Work task:
For this exercise, write out the whole listing below exactly, omitting its images.

Data below:

*-*-*

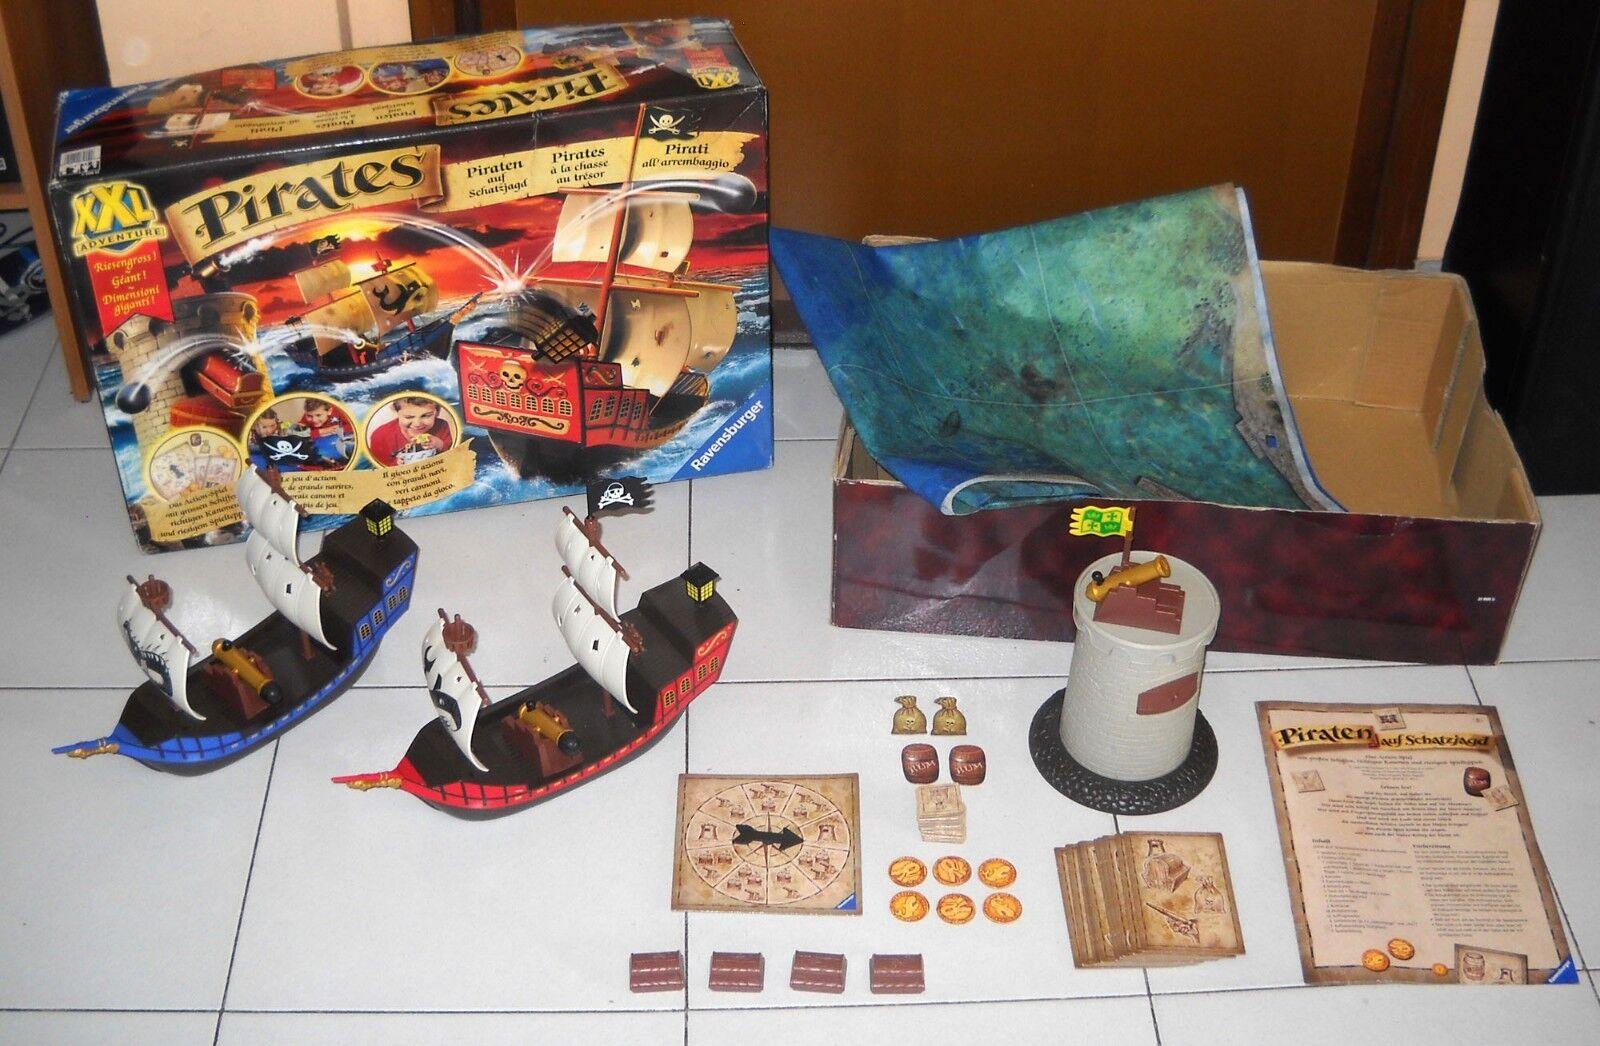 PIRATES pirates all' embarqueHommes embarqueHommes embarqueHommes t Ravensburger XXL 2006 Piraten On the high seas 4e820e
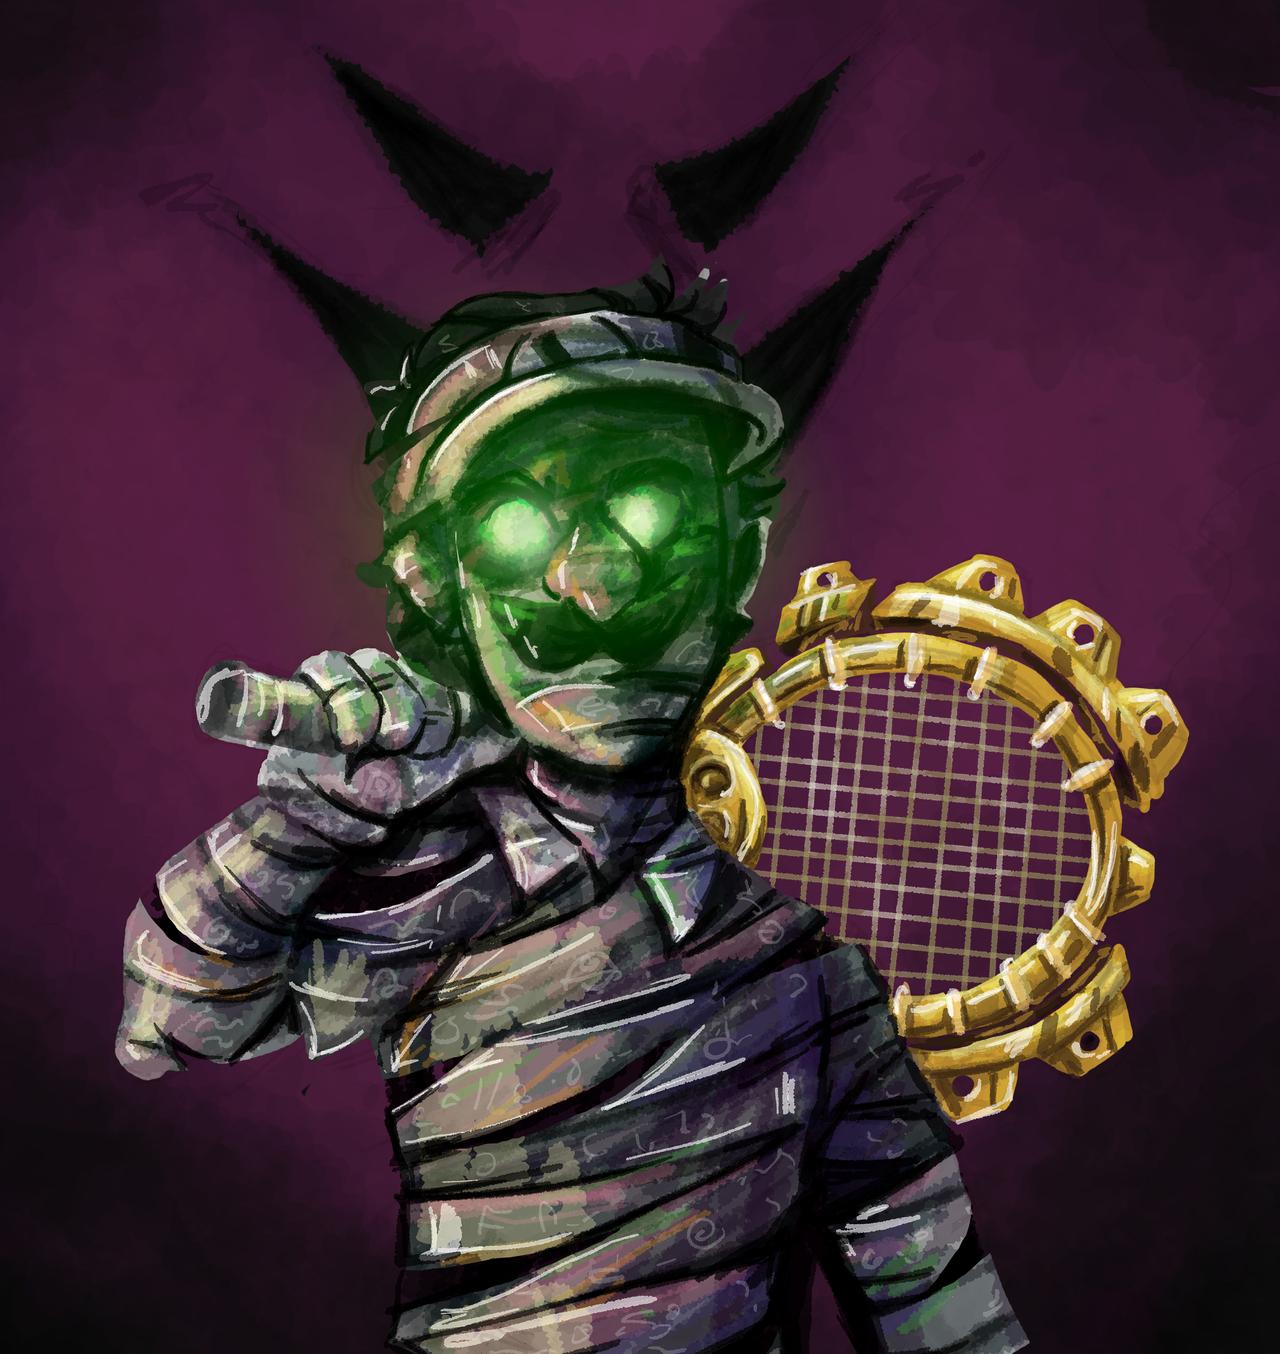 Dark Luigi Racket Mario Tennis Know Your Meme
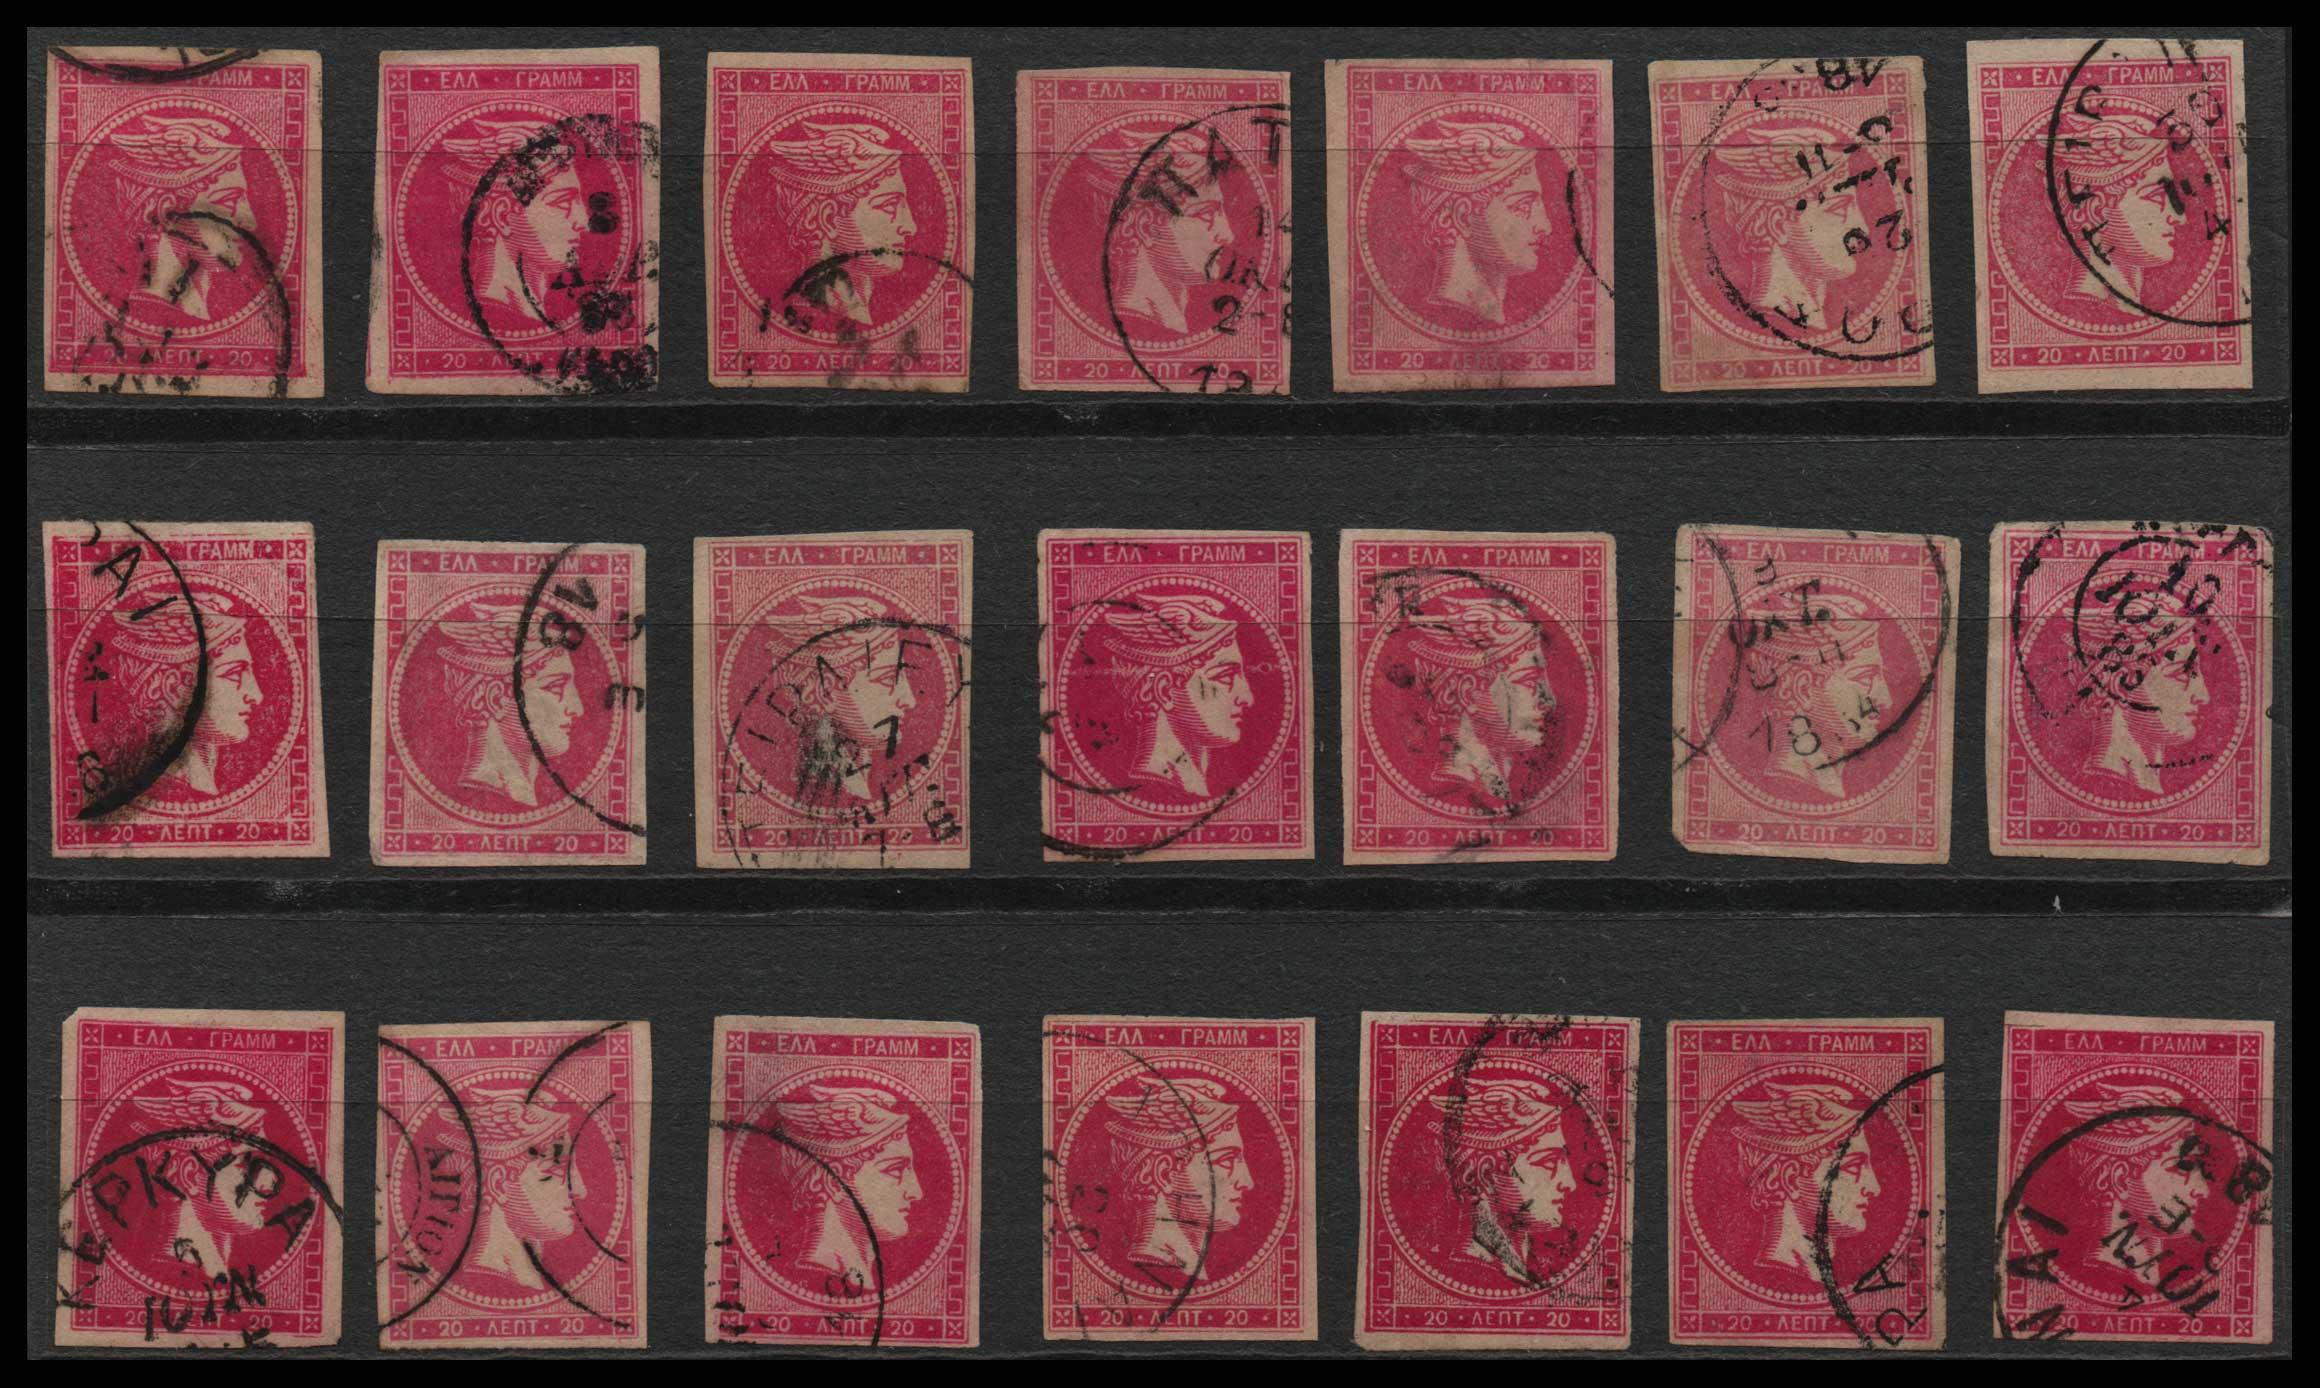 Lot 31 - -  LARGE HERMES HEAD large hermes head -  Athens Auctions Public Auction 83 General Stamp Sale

*-*-*

Output for this task:
 PIRATES pirates all' embarqueHommes embarqueHommes embarqueHommes t Ravensburger XXL 2006 Piraten On the high seas 4e820e
 Dark Luigi Racket Mario Tennis Know Your Meme
 Lot 31 - -  LARGE HERMES HEAD large hermes head -  Athens Auctions Public Auction 83 General Stamp Sale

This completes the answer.